WHAT TO DO: Look through the data below for the line with "Doutzen Kroes Nude Sexy Leaked 146" and the line with "Brochettes Satay de", then transcribe exactly from the first through the second, leaving out all pictures.

SUPPLIED ENTRIES section start

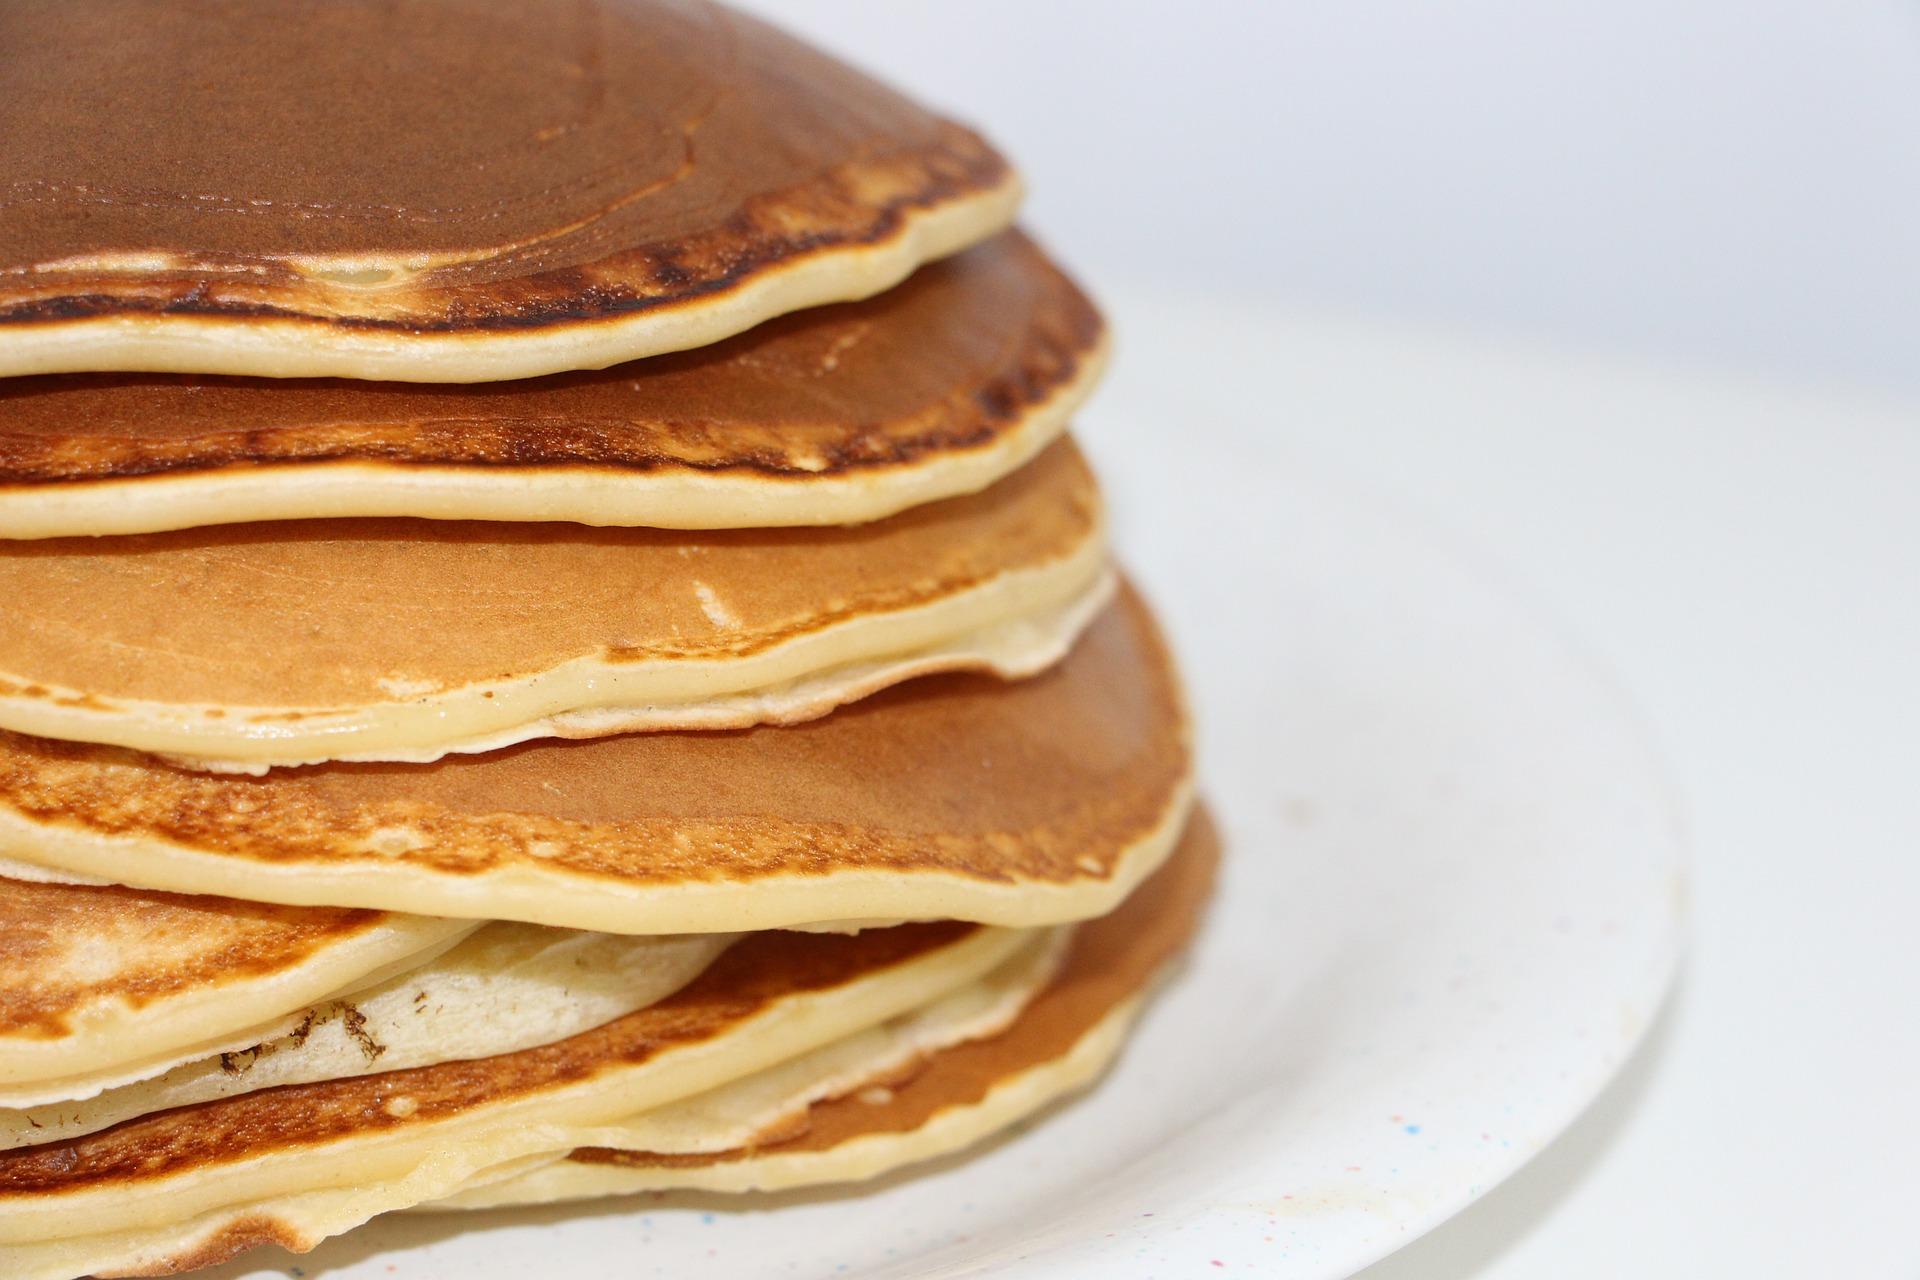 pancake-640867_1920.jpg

SUPPLIED ENTRIES section end
SUPPLIED ENTRIES section start

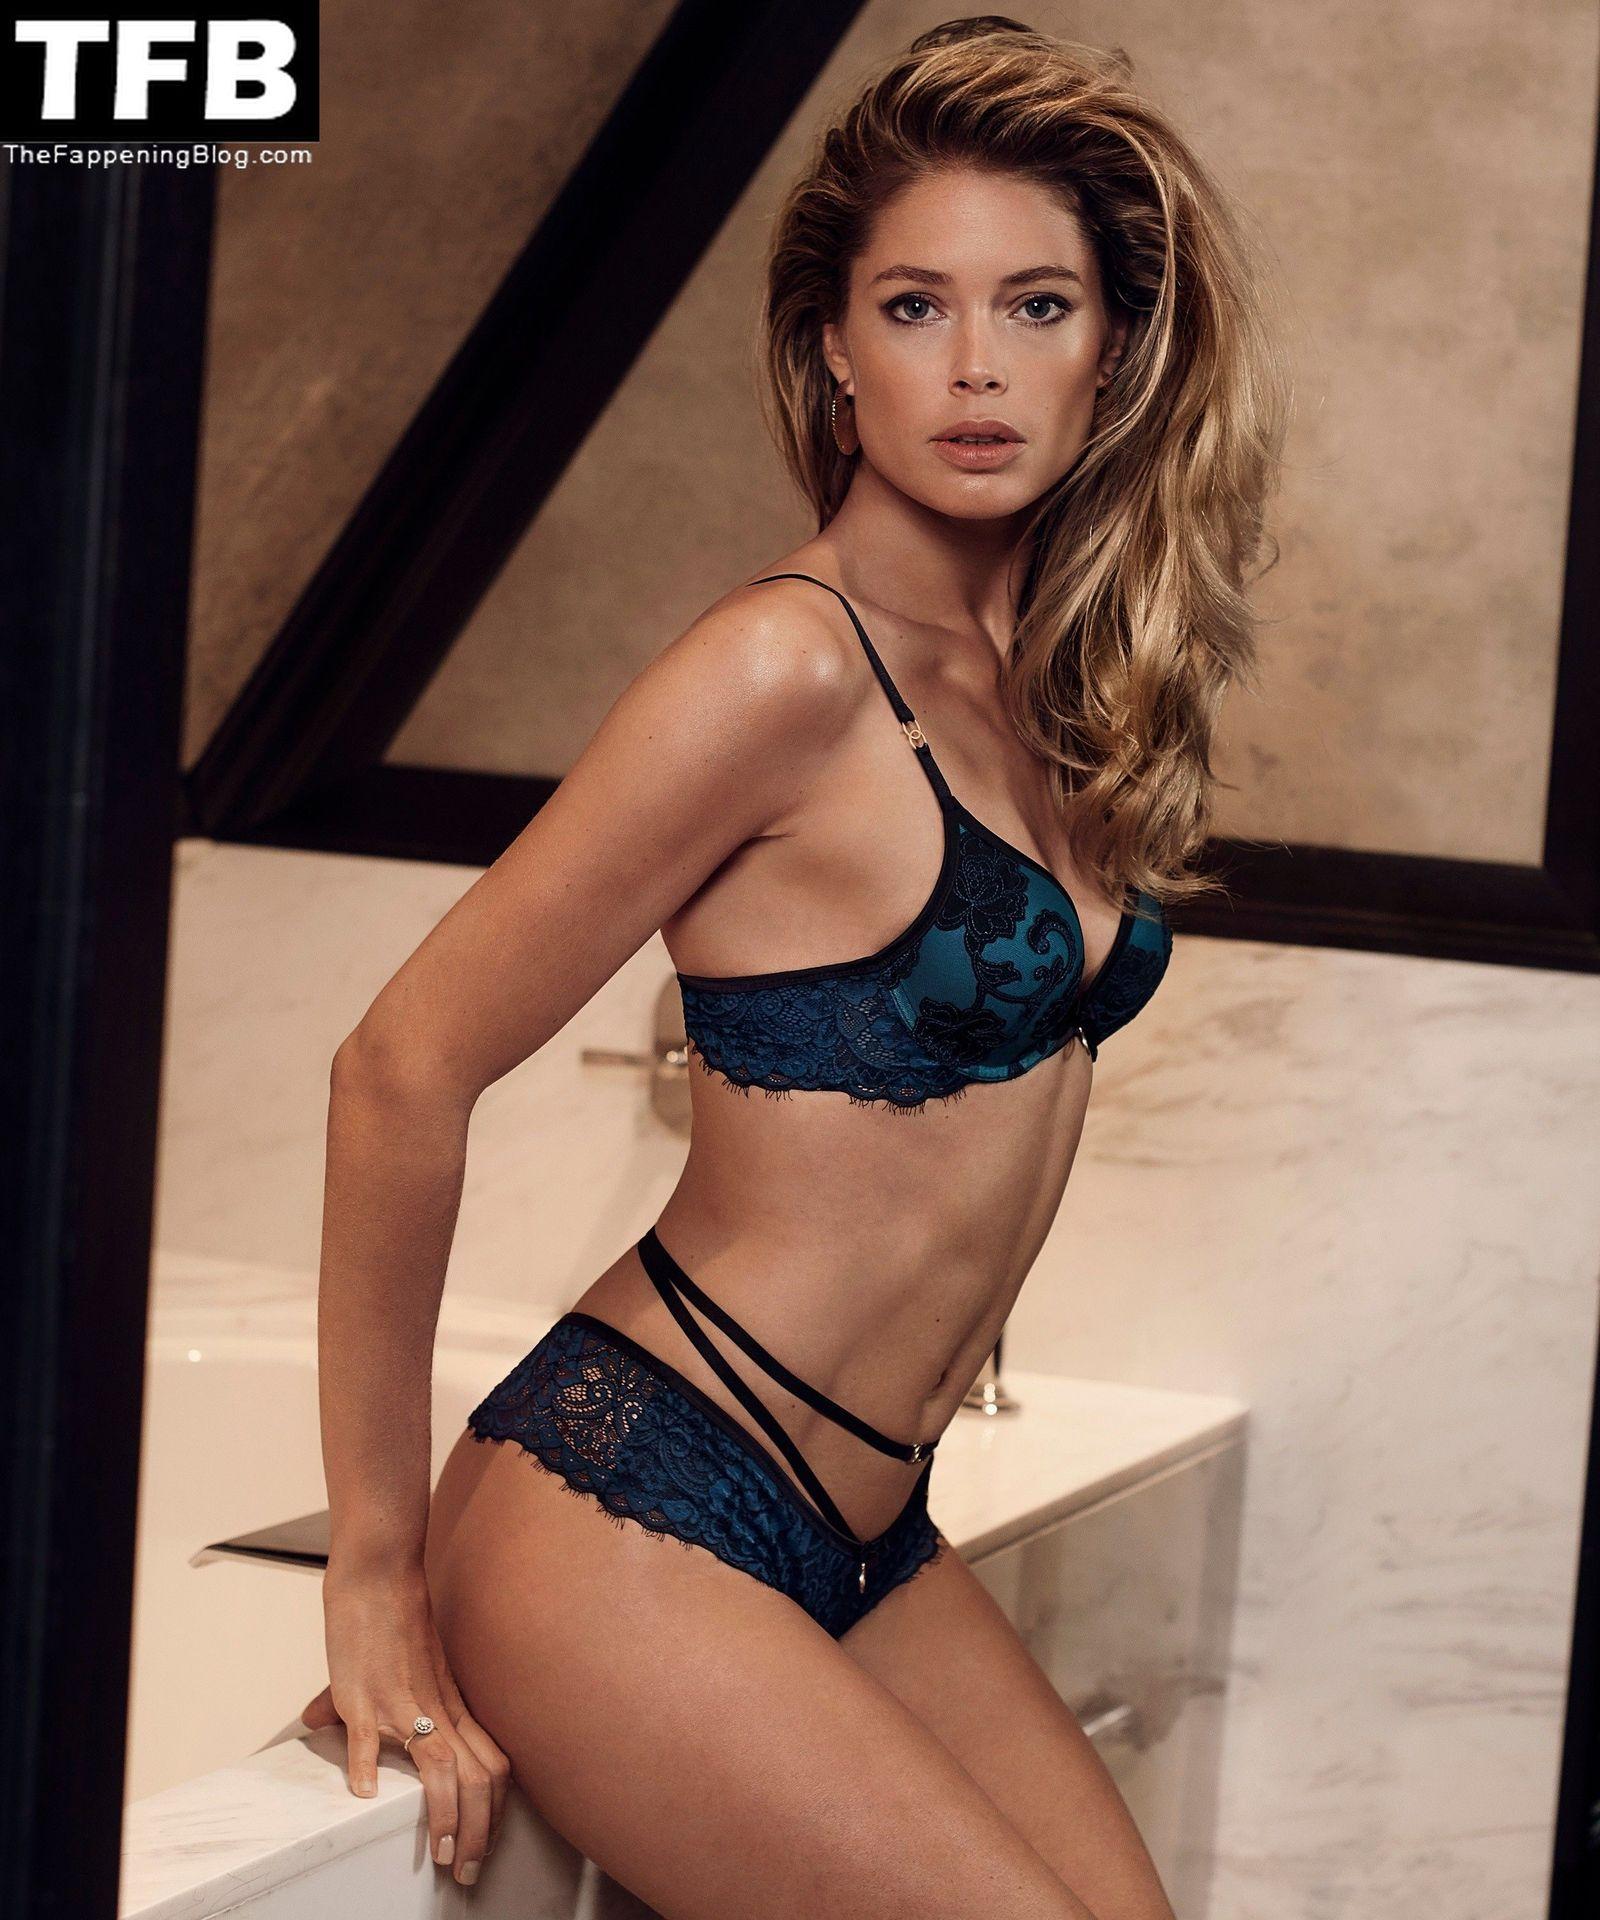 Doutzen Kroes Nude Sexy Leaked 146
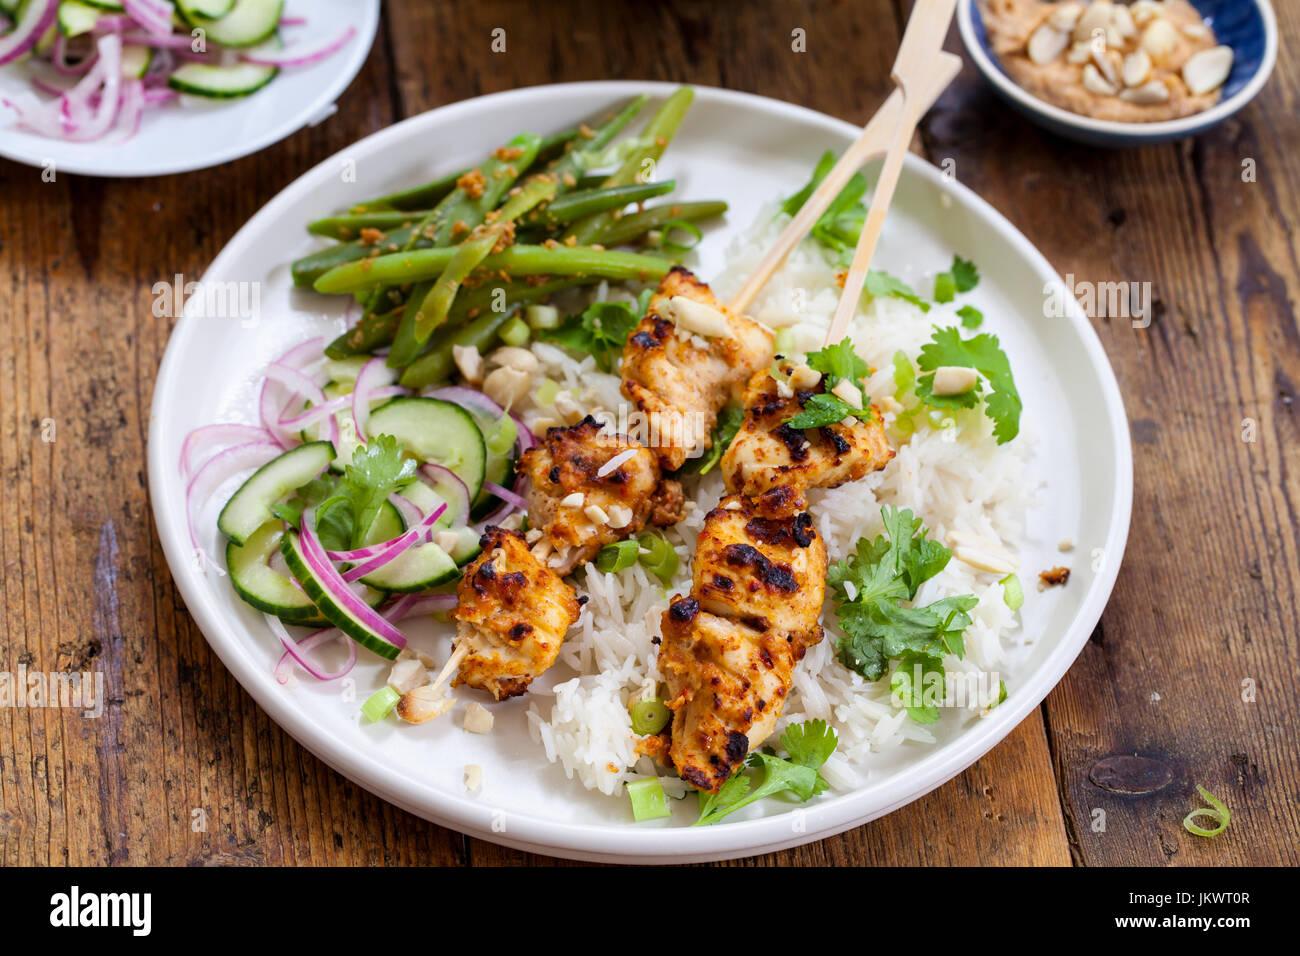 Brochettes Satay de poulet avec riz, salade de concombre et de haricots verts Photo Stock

SUPPLIED ENTRIES section end
SUPPLIED ENTRIES section start

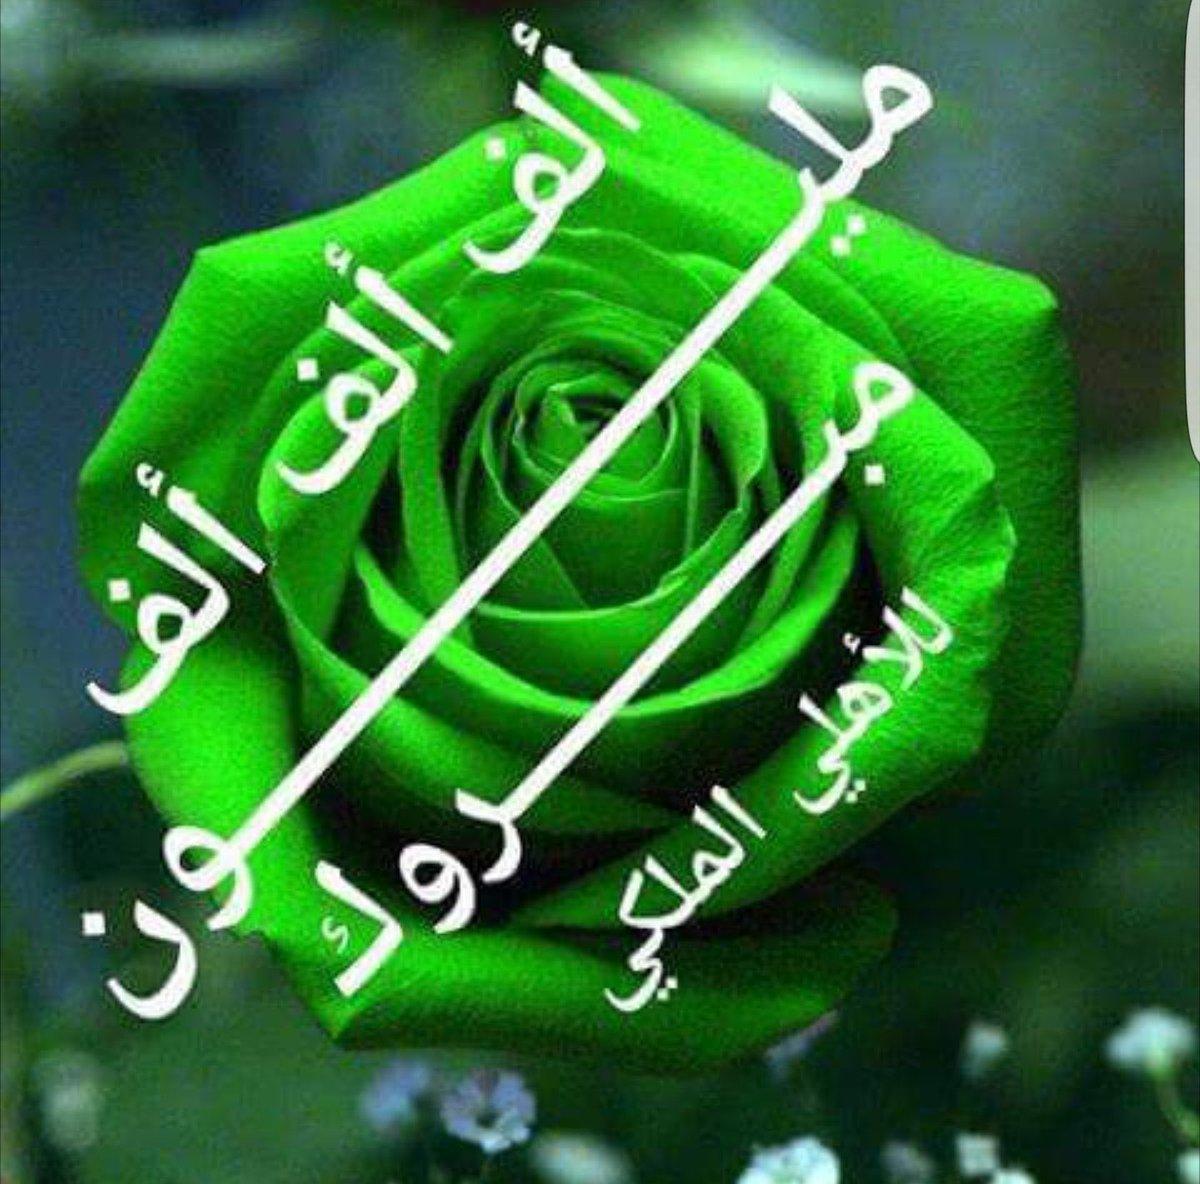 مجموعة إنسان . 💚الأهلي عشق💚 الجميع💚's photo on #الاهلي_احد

SUPPLIED ENTRIES section end

OUTPUT OF THE TASK:
 Doutzen Kroes Nude Sexy Leaked 146
 Brochettes Satay de poulet avec riz, salade de concombre et de haricots verts Photo Stock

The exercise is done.